The capital structure is characterized by a persistent shareholders' deficit, with total liabilities consistently exceeding 100% of the total liabilities and deficit. This indicates a negative equity position where the company's total obligations outweigh its assets, a condition maintained throughout the period from late 2019 through early 2026.
Long-Term Debt and Obligations
Long-term debt, excluding the current portion, remains a primary component of the liability structure, generally fluctuating between 42% and 53%. A notable peak occurred in early 2024, reaching 52.95% before stabilizing in the 42% to 45% range by early 2026. Operating lease liabilities have remained remarkably stable, consistently representing between 24% and 28% of the total structure, suggesting a consistent strategy regarding leased physical assets.
Current Liability Trends
Current liabilities exhibit an upward trend in the latter part of the analyzed period, rising from approximately 25% in 2020 to 37.47% by March 2026. This increase is partly driven by growth in accounts payable, which rose from 3.91% in 2019 to 5.48% in 2026. The current portion of long-term debt shows significant volatility, with spikes as high as 8.17% in early 2024, indicating periodic shifts in debt maturity profiles.

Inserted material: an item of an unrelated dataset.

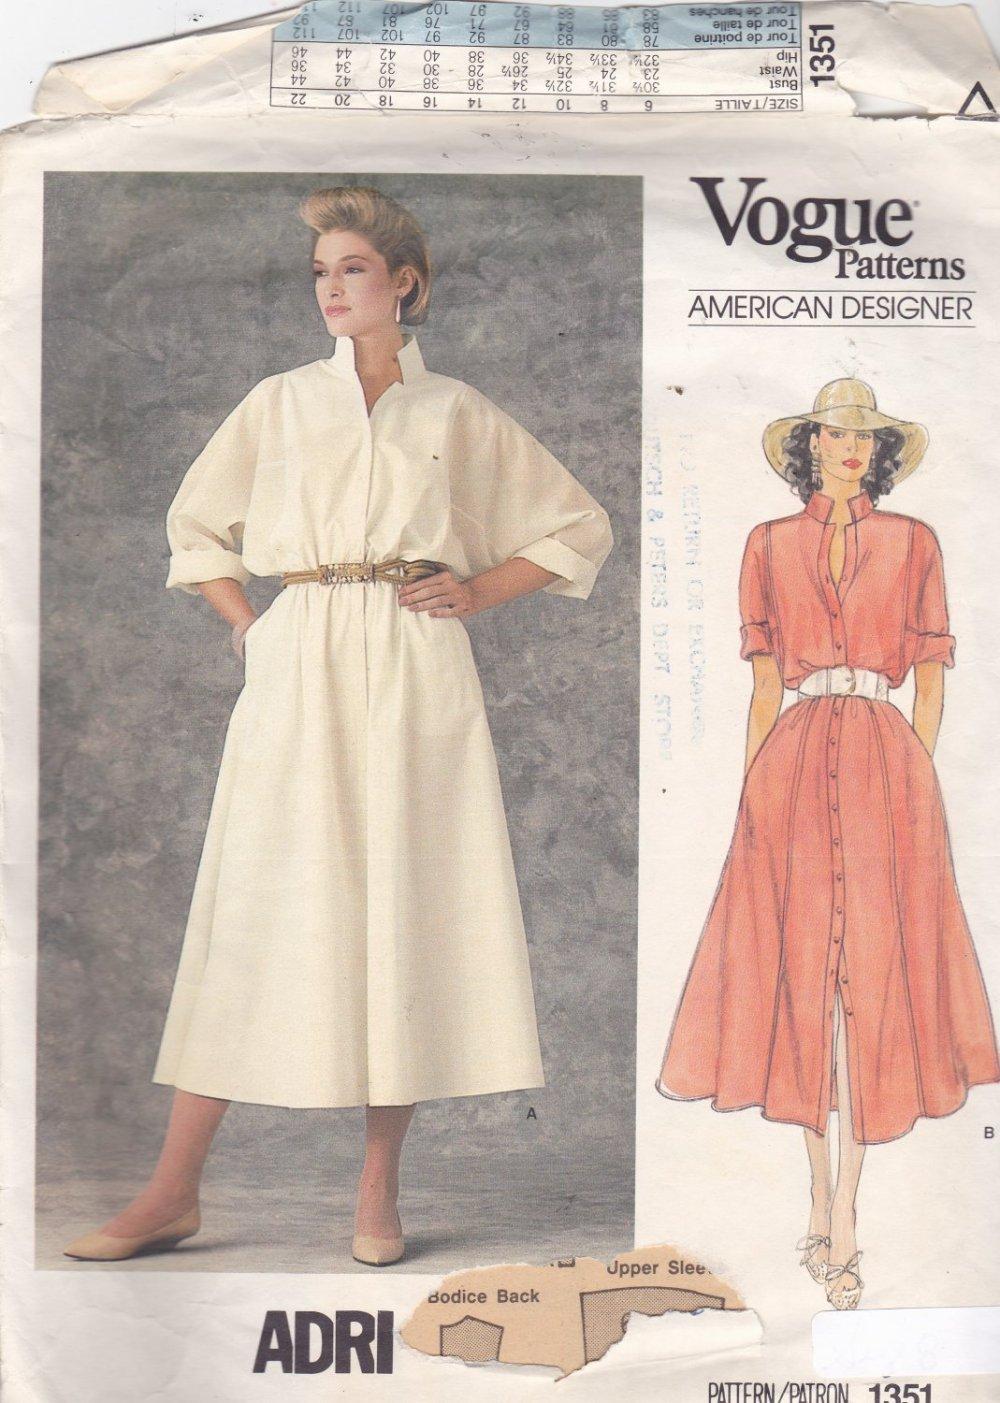 Vogue 1351 Pattern 8 Uncut Designer ADRI Shirtwaist Dress Loose Fit Modest

Deferred Revenue and Stored Value
Deferred revenue has experienced a gradual long-term decline, decreasing from 24.34% in December 2019 to 18.58% by March 2026. Stored value card liabilities exhibit cyclical behavior, frequently peaking in December and January—such as the 7.54% recorded in December 2023—before receding, which is consistent with seasonal consumer gifting patterns.
Equity and Retained Deficit
The shareholders' deficit has remained deep and persistent, ranging from a minimum of -16.95% in late 2021 to a maximum of -31.12% in early 2022. This is primarily driven by a substantial retained deficit, which has consistently stayed between -20% and -31%. The minimal presence of common stock and additional paid-in capital indicates that the negative equity position is not being offset by new equity issuances.
Overall, the financial position is defined by high leverage and a structural deficit. While long-term debt and lease obligations provide a stable foundation for the liability profile, the increasing proportion of current liabilities suggests a shifting balance toward shorter-term obligations.